Le mouvement a commencé le 24 mai, à la veille d’un week-end très chargé. Le départ d’une gouvernante – salariée qui assure l’encadrement – appréciée par la vingtaine de femmes de chambre qui se relaient dans l’hôtel, a provoqué un déclic. « Depuis plusieurs mois, on était quelques-unes à vouloir faire grève. On s’est dit que c’était le moment de mettre toutes nos revendications sur la table », explique Christina, 34 ans, une des anciennes du site, qui, comme la plupart de ses collègues, ne souhaite pas donner son nom. Près de deux mois plus tard, elles sont quatorze sur vingt-trois à tenir le conflit.

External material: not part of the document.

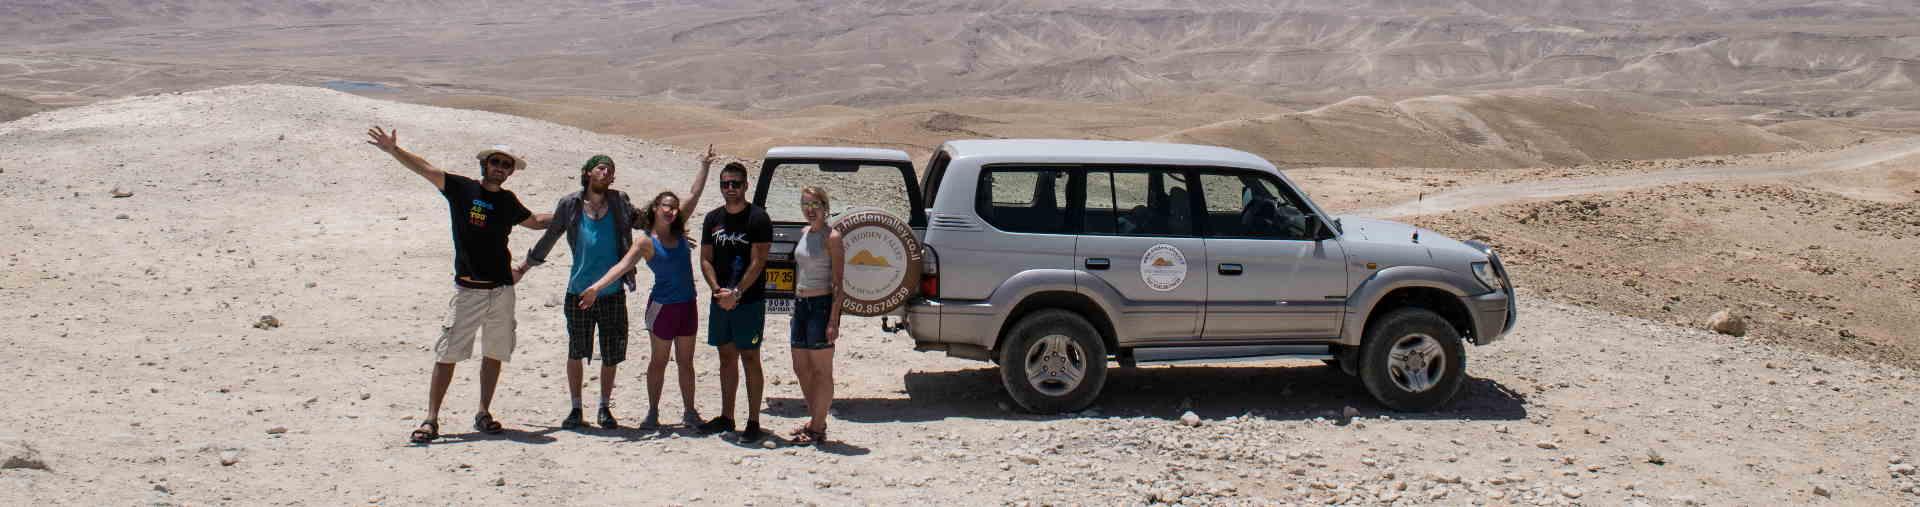 בסיור ג'יפים במדבר יהודה

Alors que le tourisme explose dans la ville, et que cet établissement quatre étoiles idéalement situé affiche complet avec des chambres dont le tarif oscille entre 270 et 600 euros, les salariées d’Acqua se disent « déconsidérées » et revendiquent un meilleur statut. « On a des contrats de cinq ou six heures par jour. On attaque à 9 heures, 9 h 30, le week-end. On doit nettoyer dix chambres, les salles de bains, les toilettes, remplir le minibar… On dépasse presque quotidiennement les horaires, ce qui fait qu’on ne peut pas chercher un autre job », détaille Ansmina Houmadi.

La peur « d’être licenciée, de perdre sa carte de séjour »

A leur employeur, qui gère le ménage dans plusieurs autres hôtels marseillais, les femmes de chambre du Radisson Blu ont fait parvenir, fin mai, leurs demandes. Un treizième mois, à l’image de ce que d’autres salariées de l’entreprise ont obtenu dans un conflit social antérieur à l’hôtel AC Marriott Vélodrome. Une prime de pénibilité estivale de 600 euros – « parce qu’en été, avec la présence de familles, les chambres sont plus longues à nettoyer », expliquent-elles. Un passage pour toutes au statut d’agente qualifiée de services 2 dans la grille de la convention collective de la propreté… Soit 11 centimes d’euro de mieux sur leur tarif horaire, à 12,41 euros brut. Enfin, la disparition de la clause de mobilité, qui permet à leur encadrement de les envoyer sans préavis dans un autre hôtel à court de personnel.